━━ DATA PROVIDED ━━

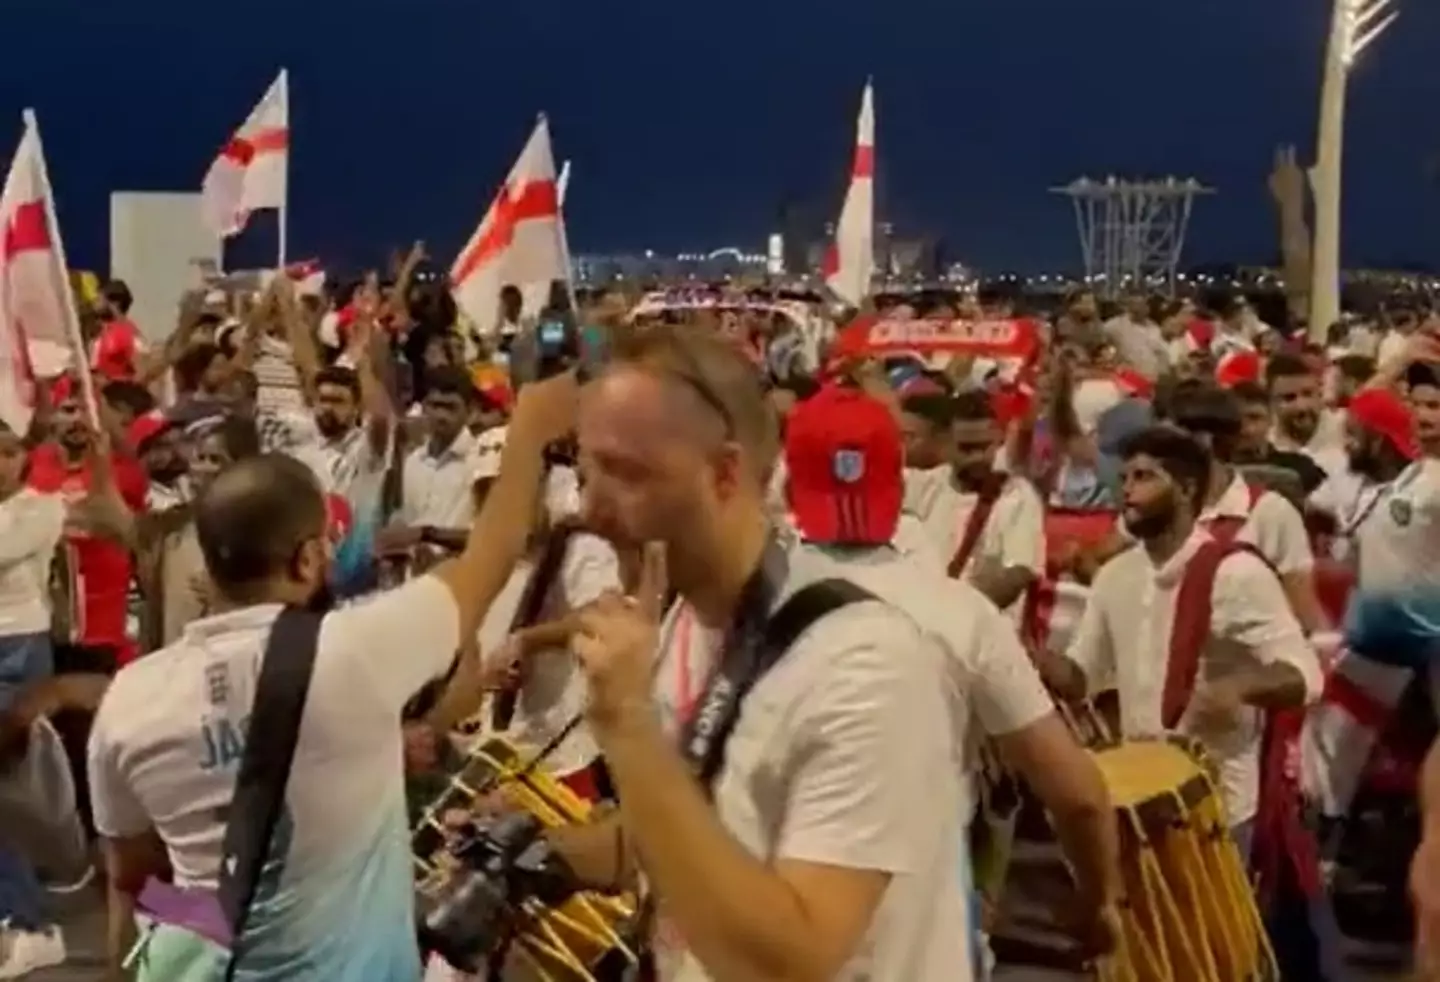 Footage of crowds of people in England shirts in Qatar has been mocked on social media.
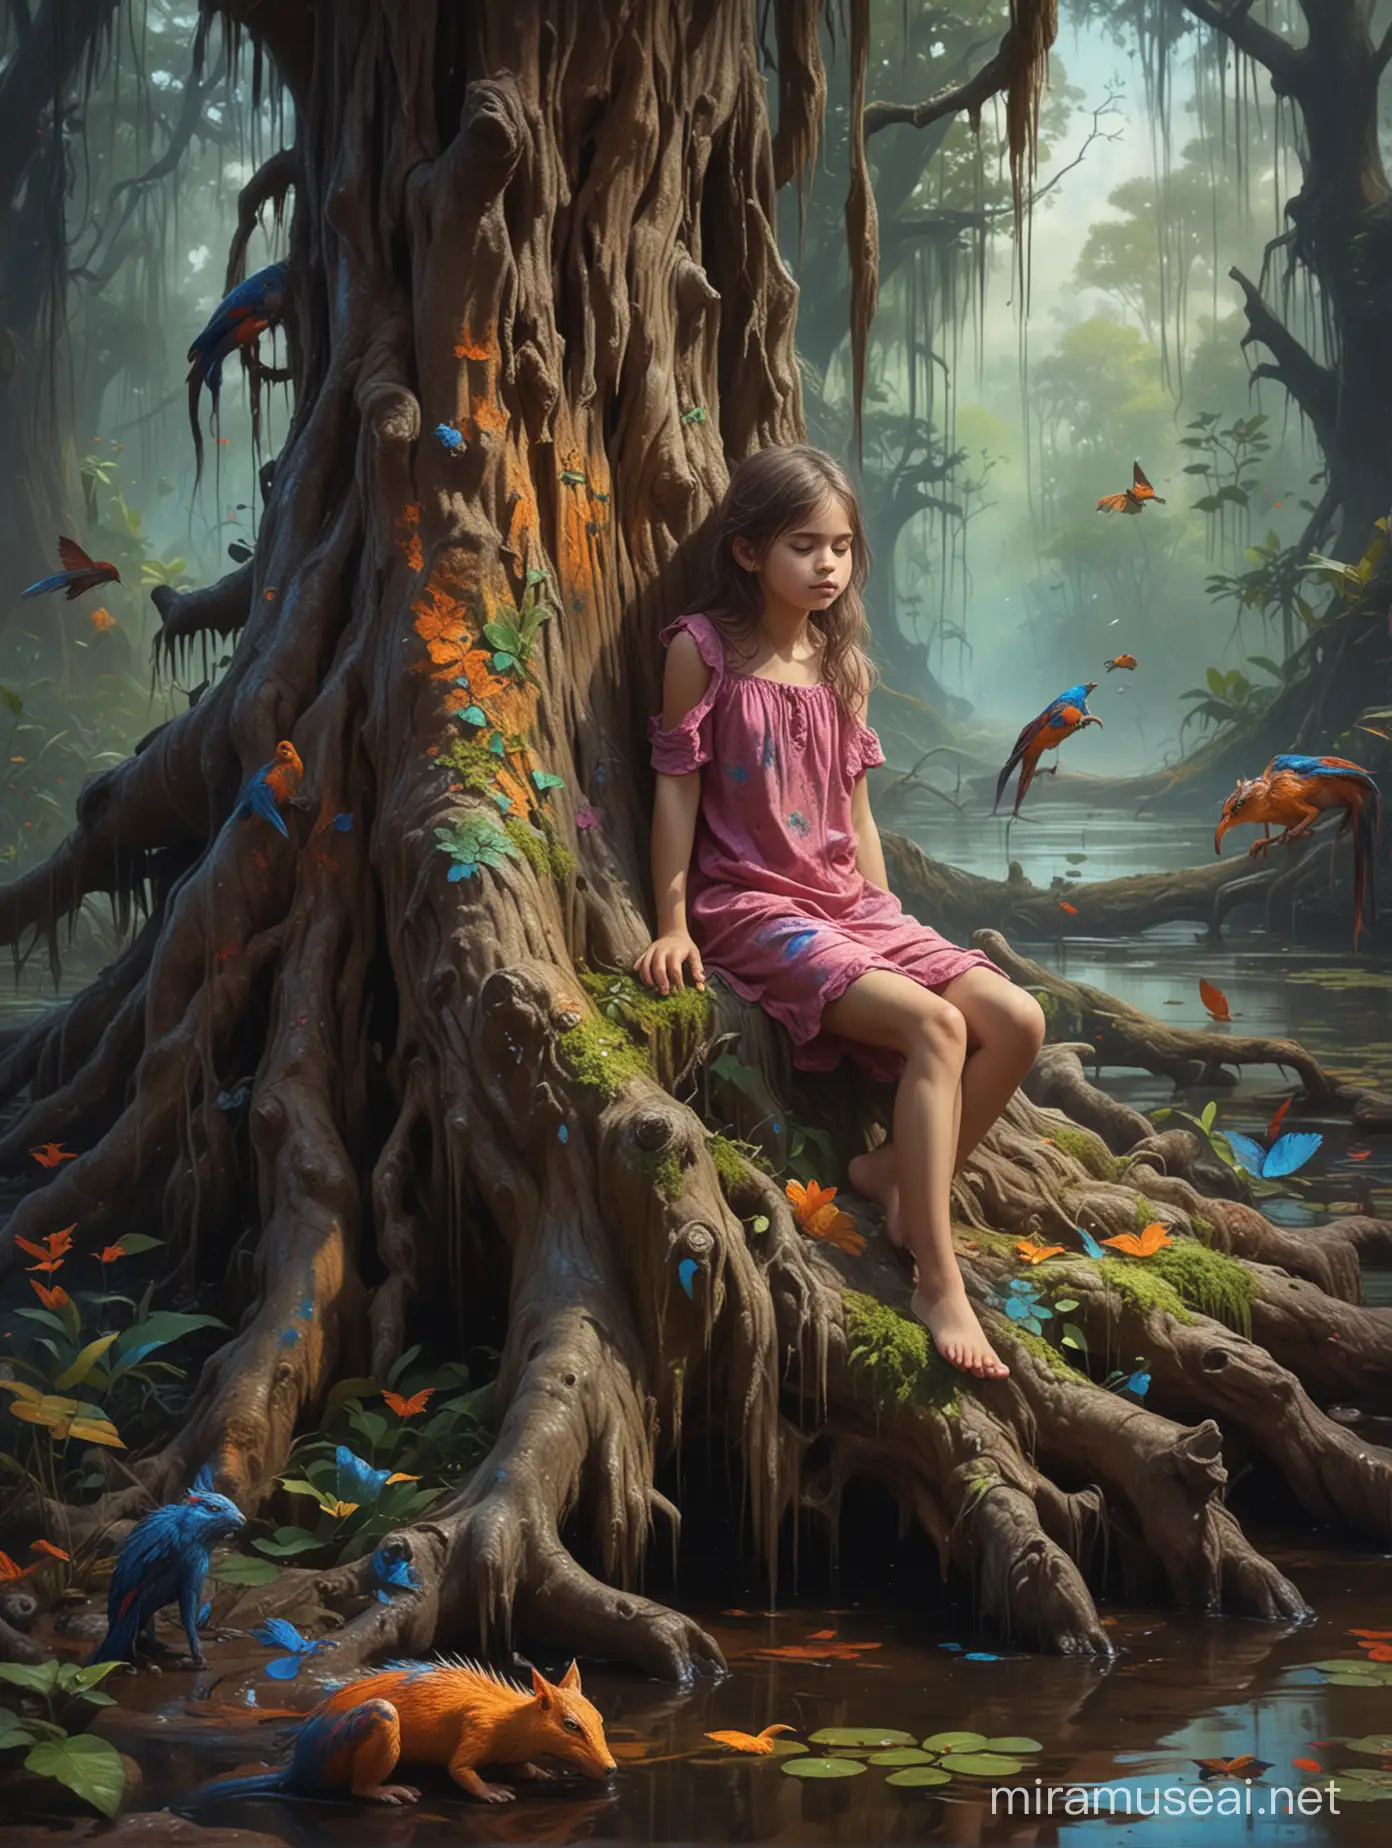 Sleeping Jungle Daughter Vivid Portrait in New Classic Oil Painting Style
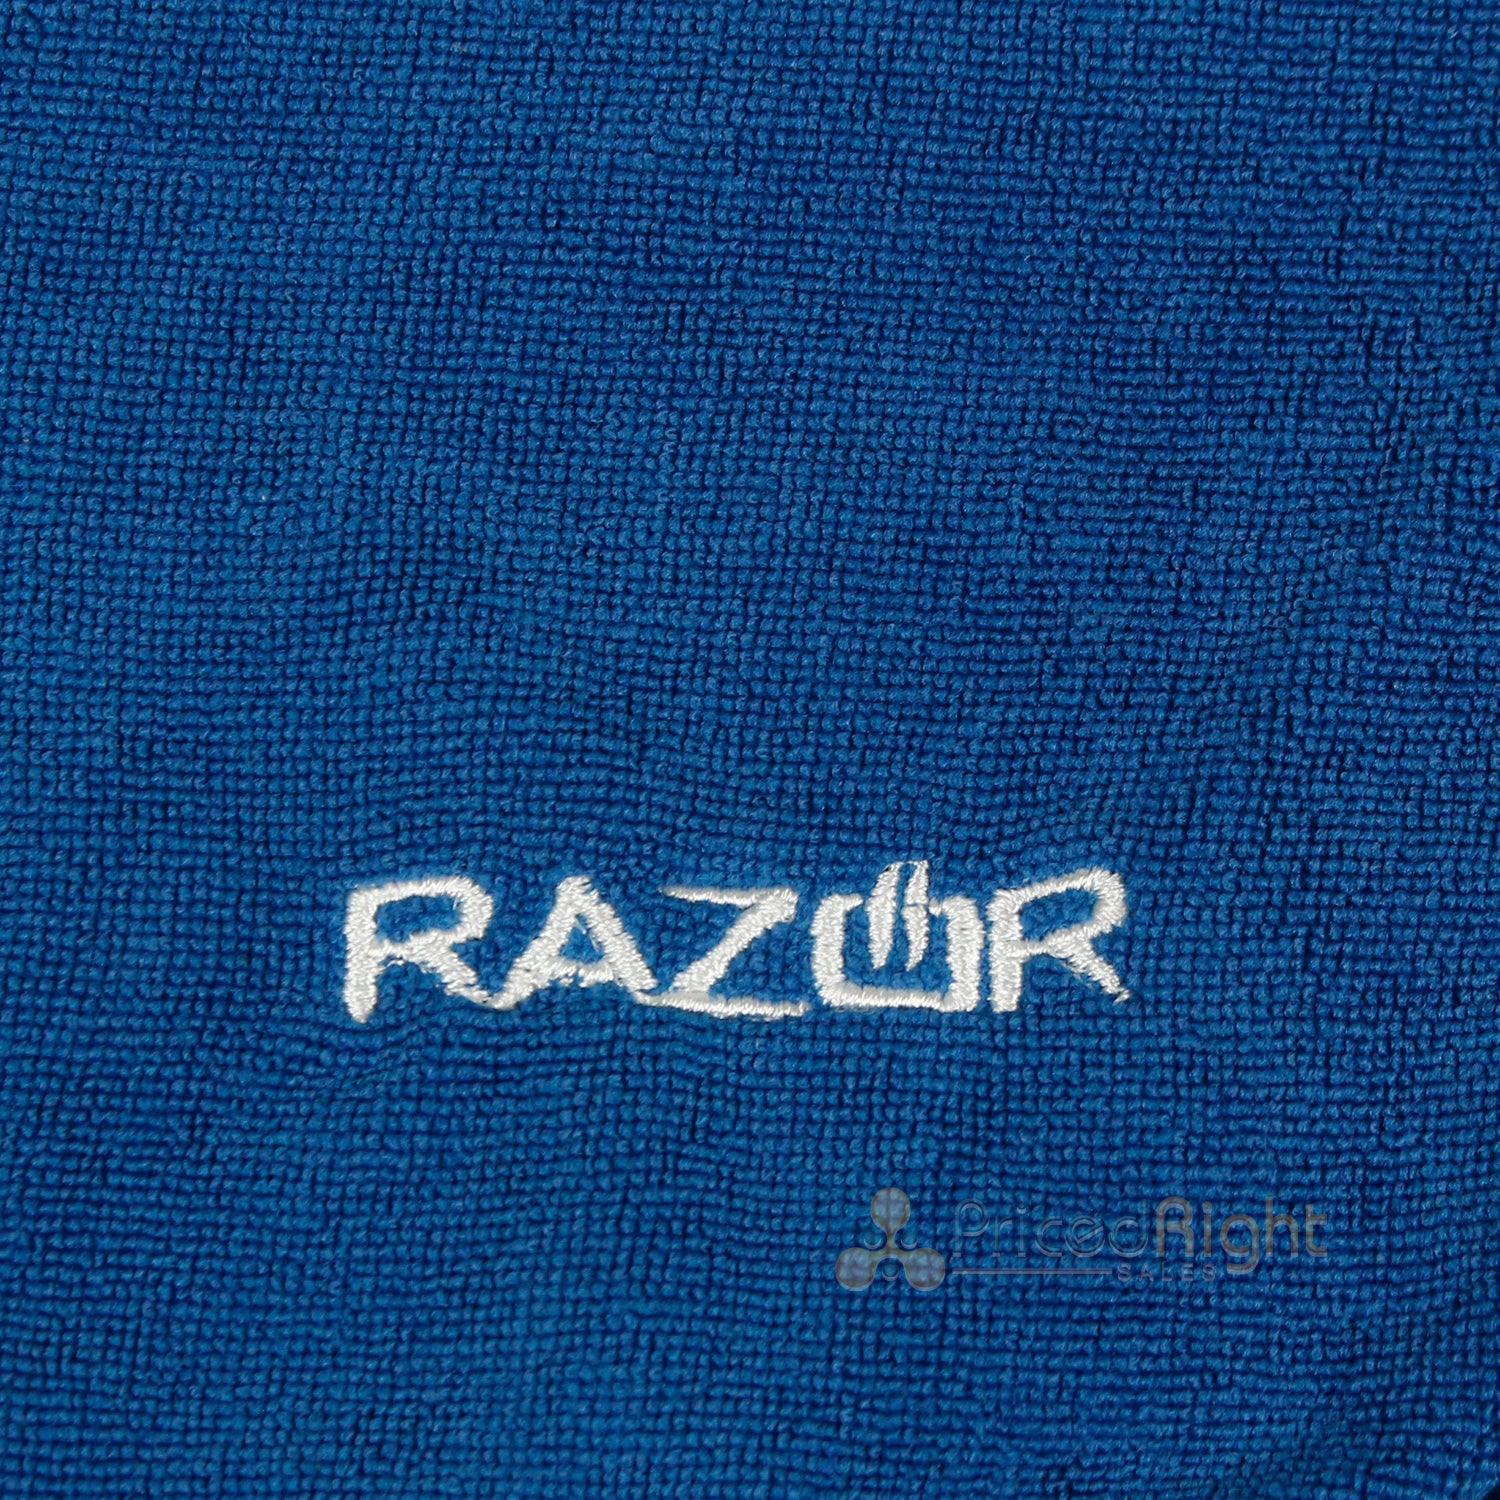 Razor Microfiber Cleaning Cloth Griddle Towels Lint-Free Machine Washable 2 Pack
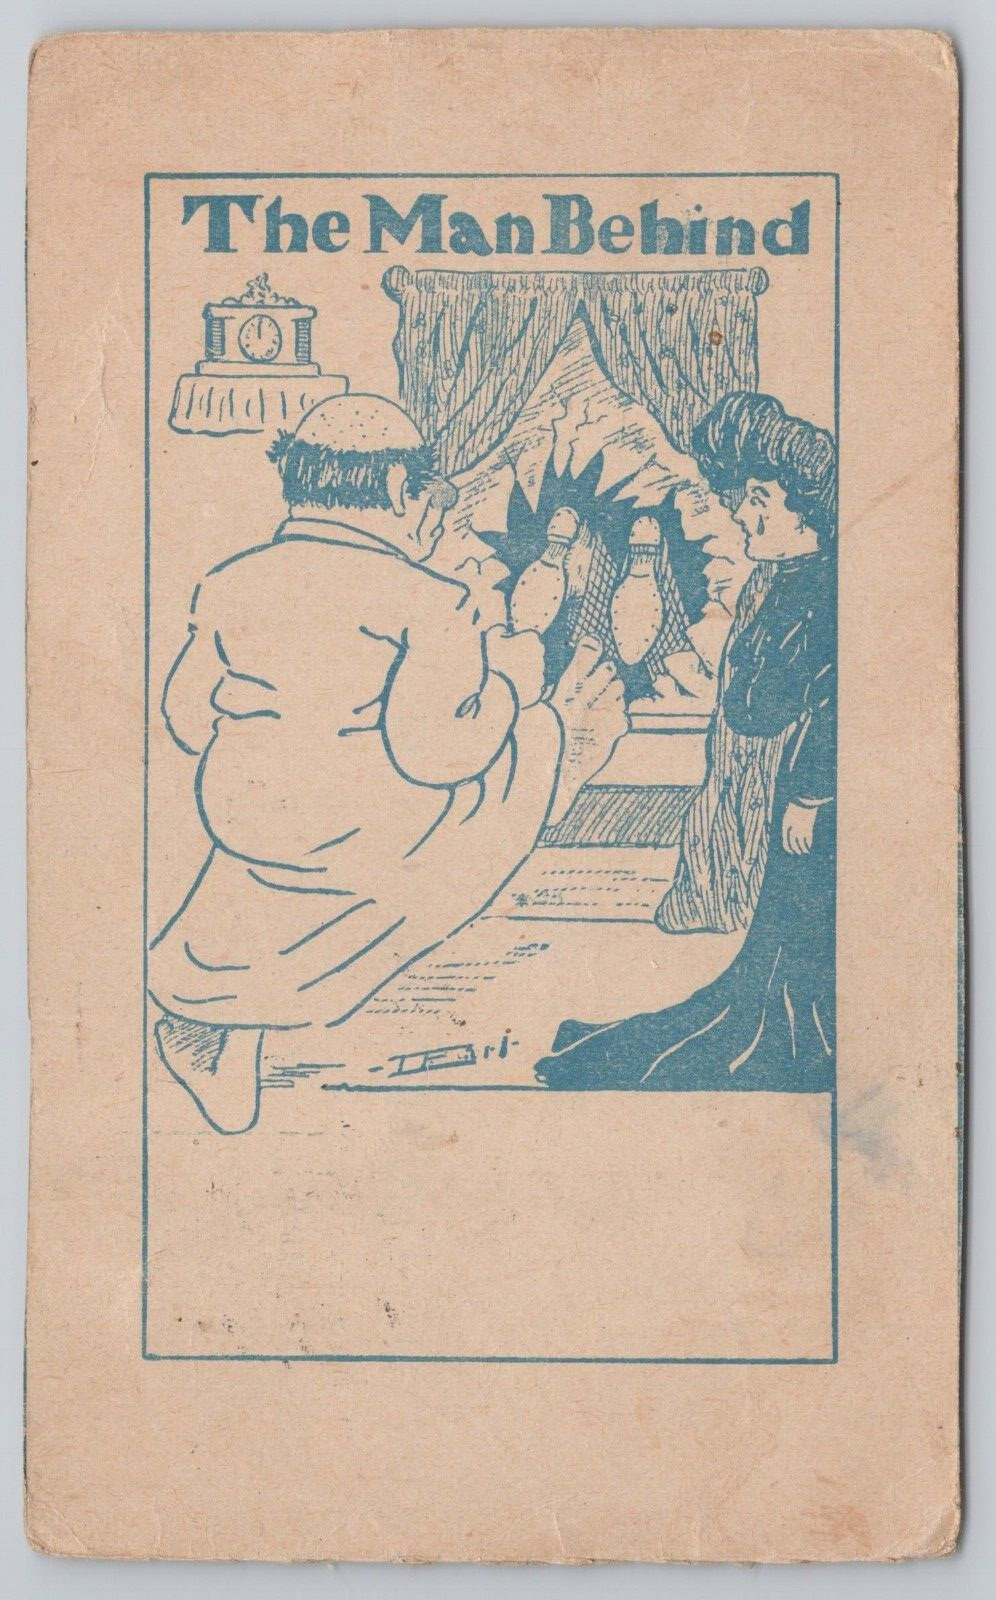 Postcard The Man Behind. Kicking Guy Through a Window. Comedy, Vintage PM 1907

━━━

Set down all the lines above exactly as they appear, with no pictures.

 Footage of crowds of people in England shirts in Qatar has been mocked on social media.
 Sleeping Jungle Daughter Vivid Portrait in New Classic Oil Painting Style
 Razor Microfiber Cleaning Cloth Griddle Towels Lint-Free Machine Washable 2 Pack
 Postcard The Man Behind. Kicking Guy Through a Window. Comedy, Vintage PM 1907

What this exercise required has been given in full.